--- The data ---
· · · · ·

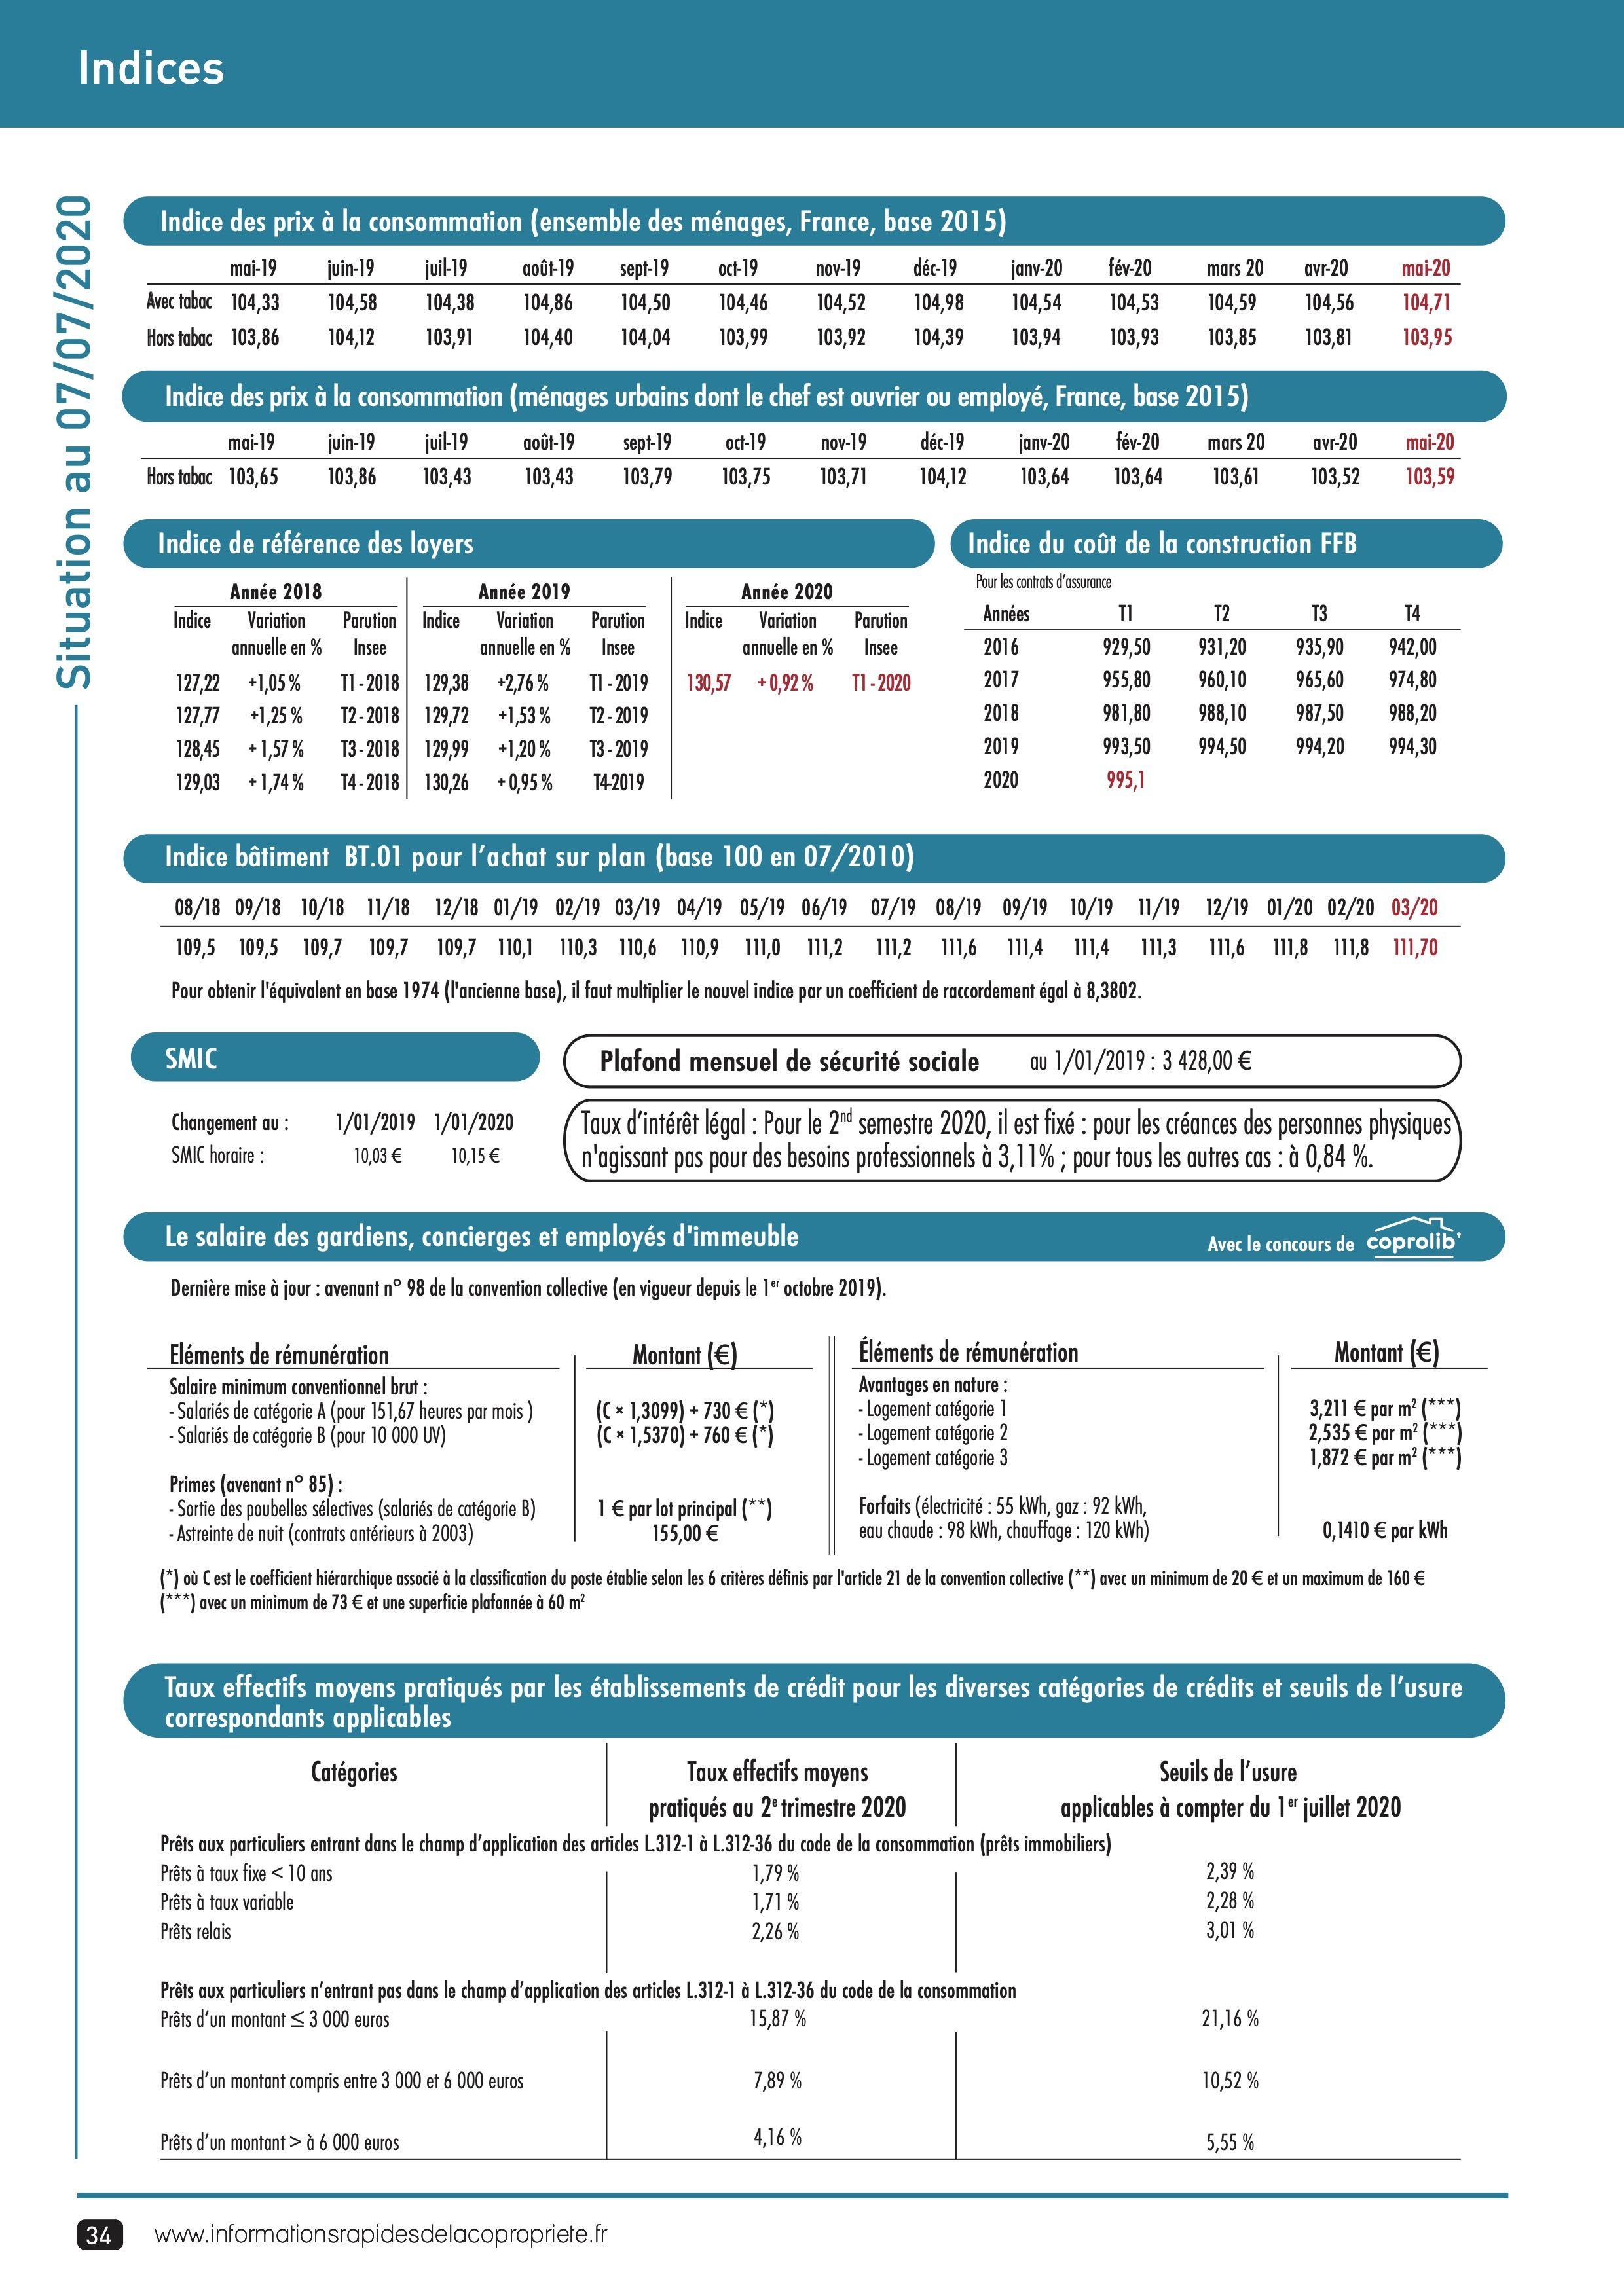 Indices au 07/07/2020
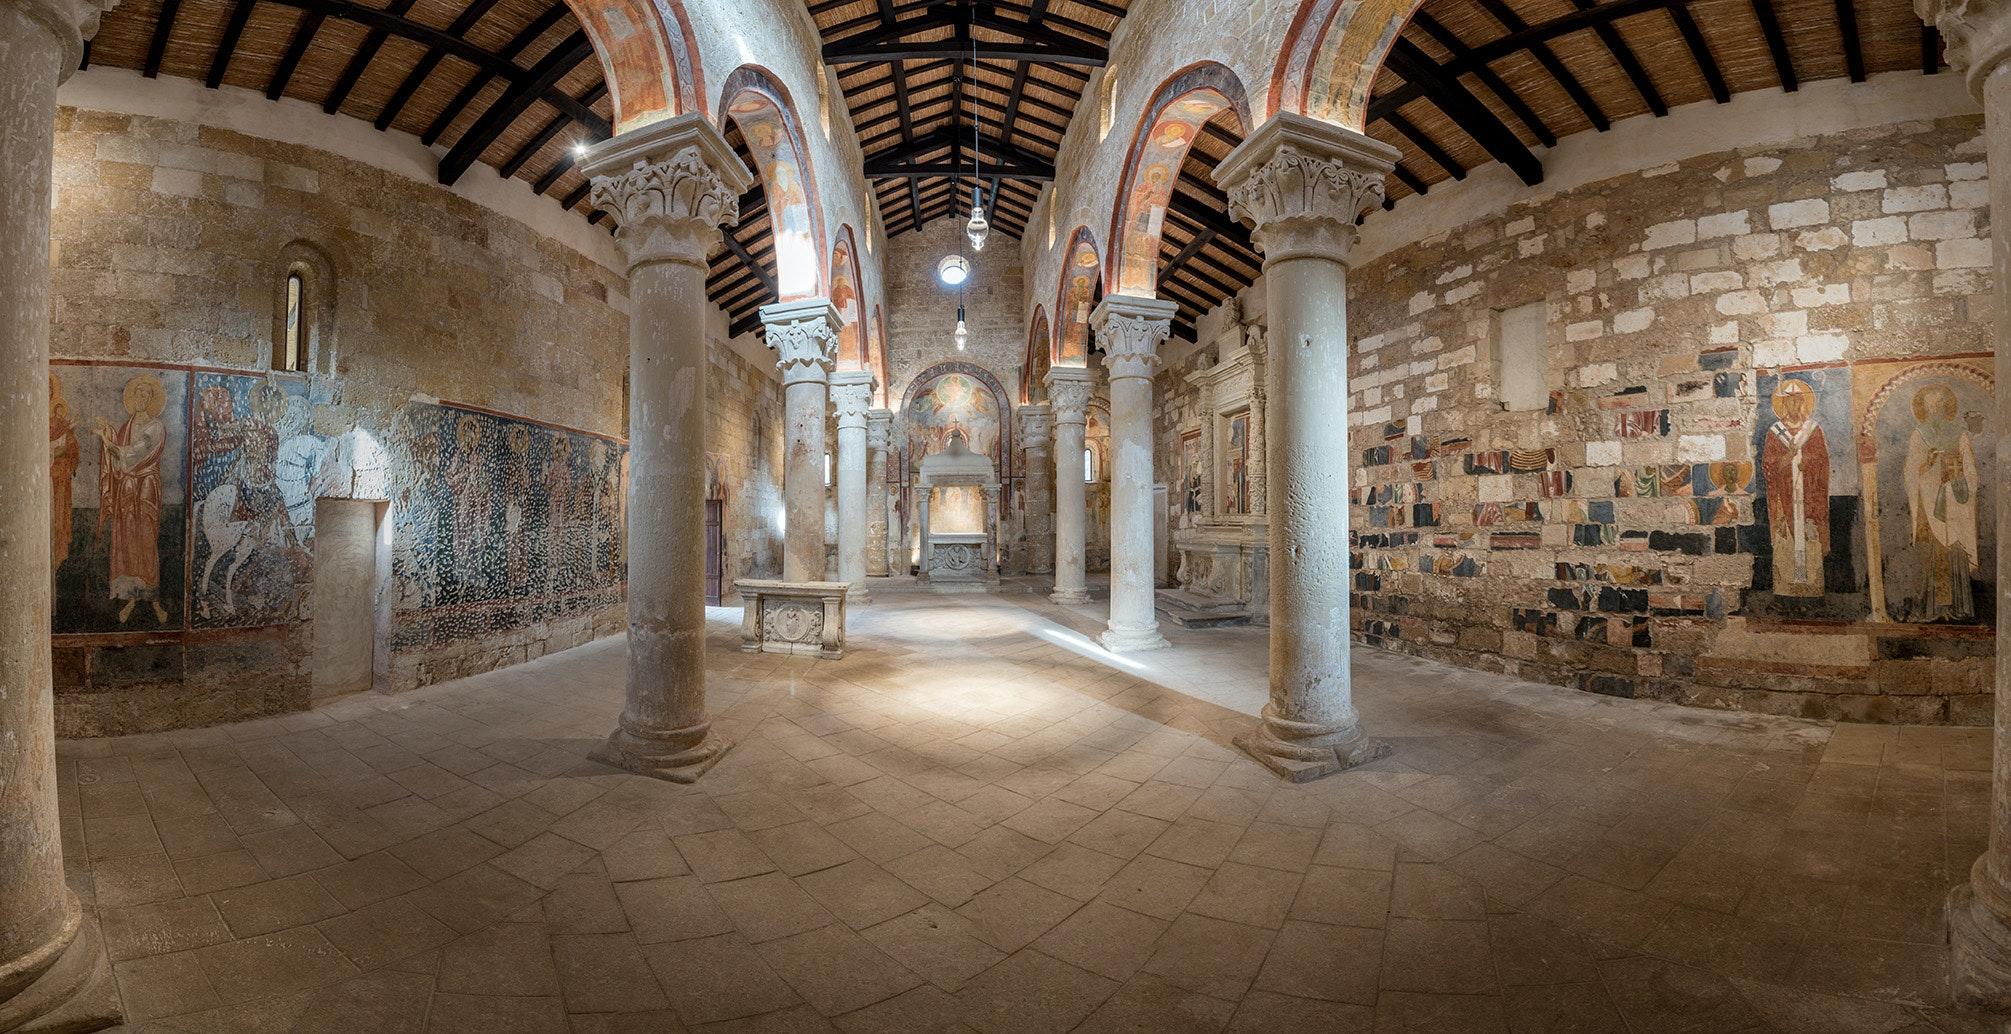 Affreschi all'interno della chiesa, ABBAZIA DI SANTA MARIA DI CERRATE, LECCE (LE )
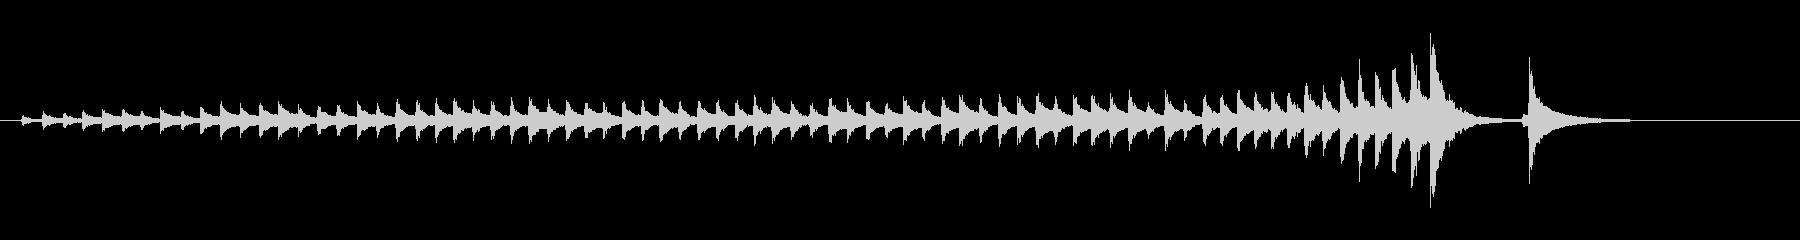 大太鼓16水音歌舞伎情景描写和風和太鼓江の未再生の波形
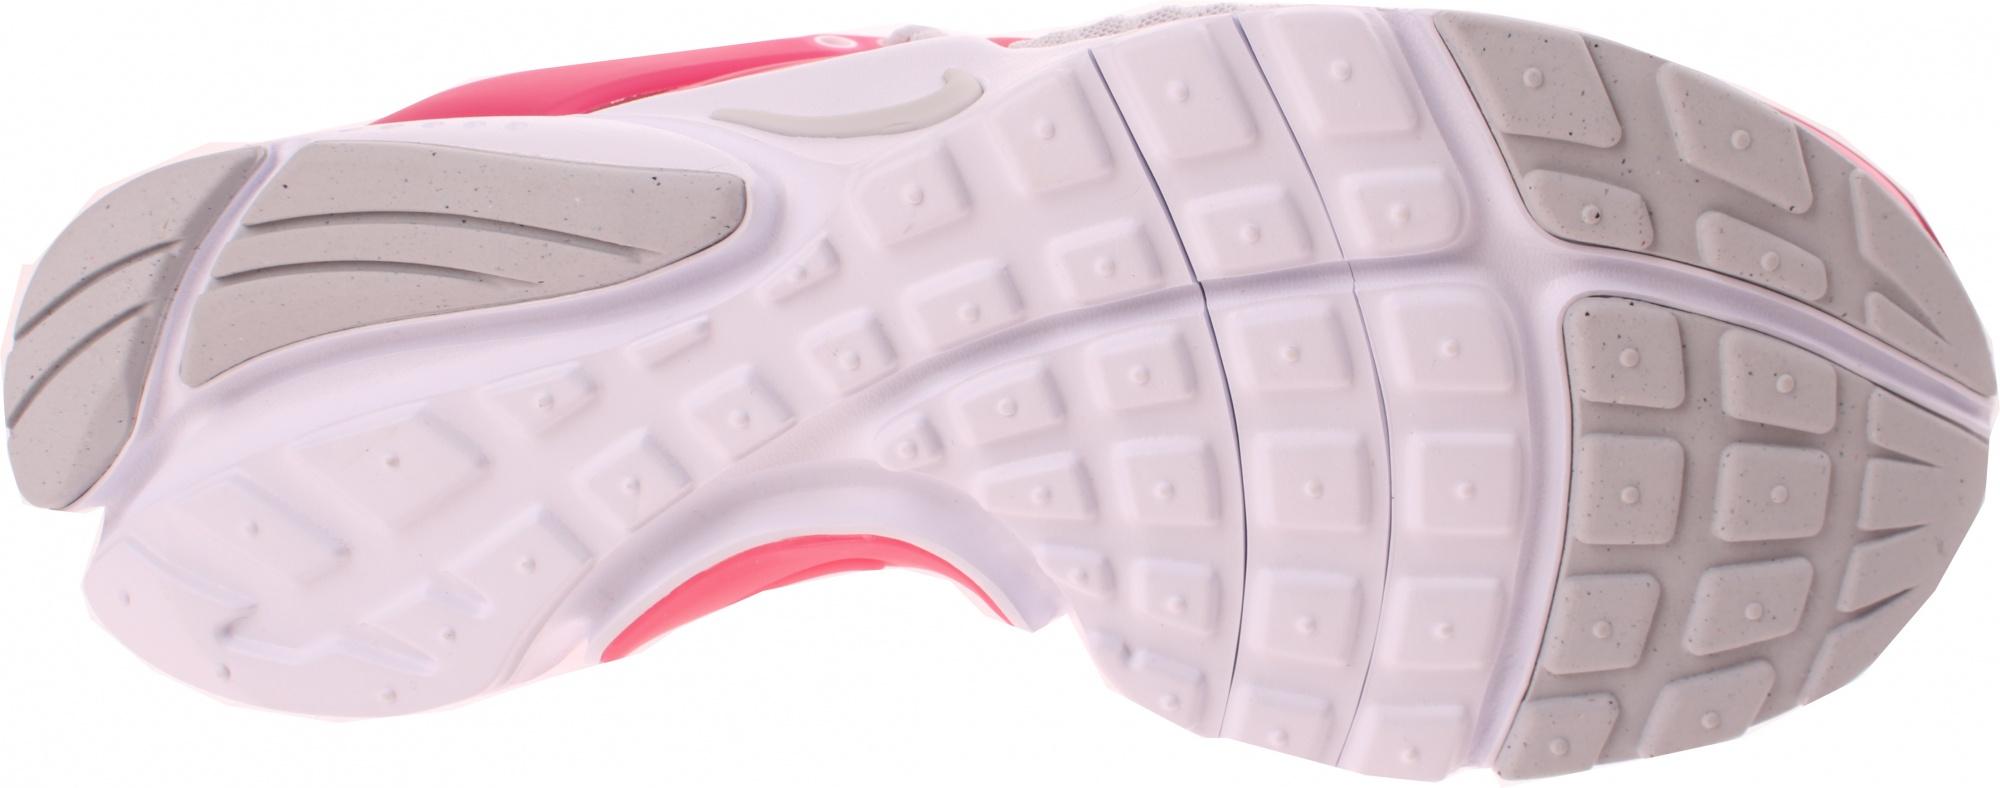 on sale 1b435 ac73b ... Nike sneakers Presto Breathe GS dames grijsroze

· · · · ·

--- Aim of the exercise ---
All of the preceding material should be output verbatim, with the pictures excluded.

--- Result ---
 Indices au 07/07/2020
 Affreschi all'interno della chiesa, ABBAZIA DI SANTA MARIA DI CERRATE, LECCE (LE )
 大太鼓16水音歌舞伎情景描写和風和太鼓江の未再生の波形
 on sale 1b435 ac73b ... Nike sneakers Presto Breathe GS dames grijsroze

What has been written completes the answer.